BELARUS NEWS AND ANALYSIS

DATE:

22/03/2006

Report: Human Rights Defenders Face Abuse

By Lisa Bryant

Paris

A new report says there were hundreds of violations committed last year against defenders of human rights in 90 countries around the world.

The report by the Observatory for the Protection of Human Rights Defenders in Paris criticizes dozens of countries around the world for a variety of human rights and freedom of expression abuses.

That includes Belarus, where President Aleksandr Lukashenko's recent election victory has been discredited by the United States and European Union. Among other abuses, the report faults a new law in Belarus curbing the activity of non-official human rights associations.

The Observatory also noted new curbs on freedom of expression in Russia, Uzbekistan, and Sudan last year. And the Observatory's program director, Catherine Francois, ticks off still other countries where those defending human rights face new threats.

"There has been some deterioration of the human rights situation of human-rights defenders in some countries," she said. "For example, in the Democratic Republic of Congo, in Colombia, in the Philippines and Nepal."

The report is unusual in that it focuses particularly on human rights defenders, rather than human rights abuses as a whole. The Observatory for the Protection of Human Rights Defenders is a group of non-government organizations from 140 countries.

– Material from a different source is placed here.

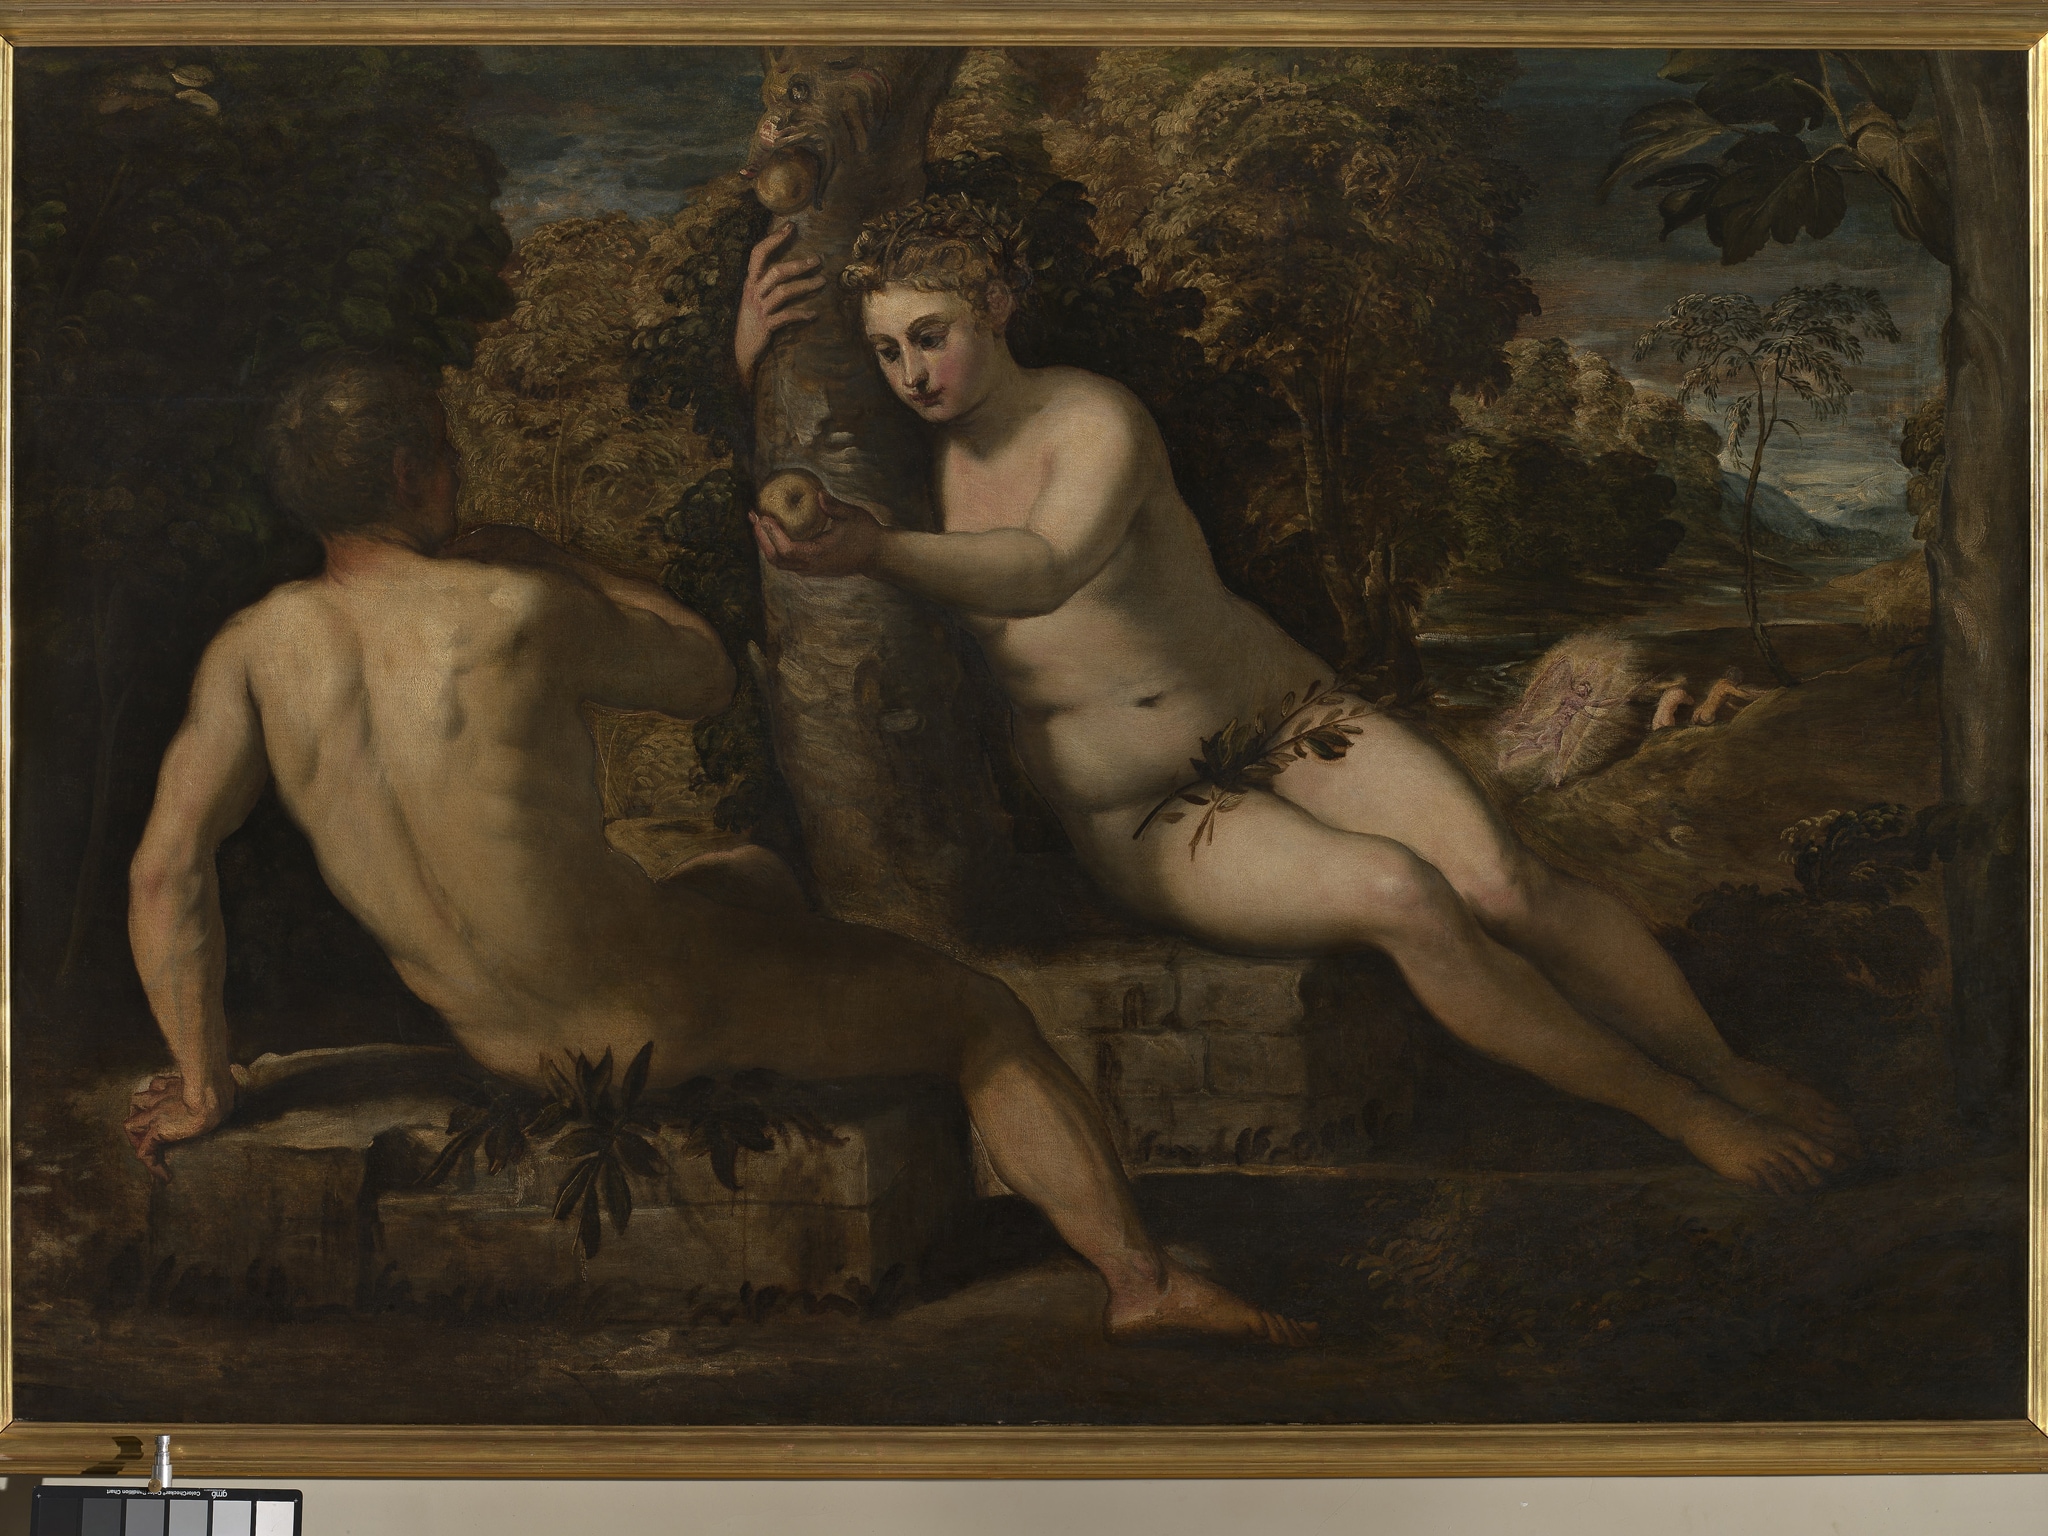 Tintoretto (Jacopo Robusti), Adamo ed Eva, 1550-1553 ca. - Tela, cm 150 x 220 - Provenienza: acquisizione del 1812, dalla Scuola della Santissima Trinità di Venezia- Sala XXIII

Overall, the report says more than 100 assassinations or assassination attempts targeting human rights defenders took place last year. In addition, 2005 witnessed nearly 100 cases of ill treatment or torture, 56 physical attacks, and more than 140 death threats.

But Francois also says there is a growing international recognition of the important role played by human rights defenders, and new mechanisms to protect them.

"It is not sufficient of course, because human rights defenders continue to be repressed on the ground, because of their work and their fight on the ground," she added. "But this is very important, and I think this is a very successful trend."

The new report is jointly sponsored by the Paris-based International Federation for Human Rights and the World Organization Against Torture, in Geneva.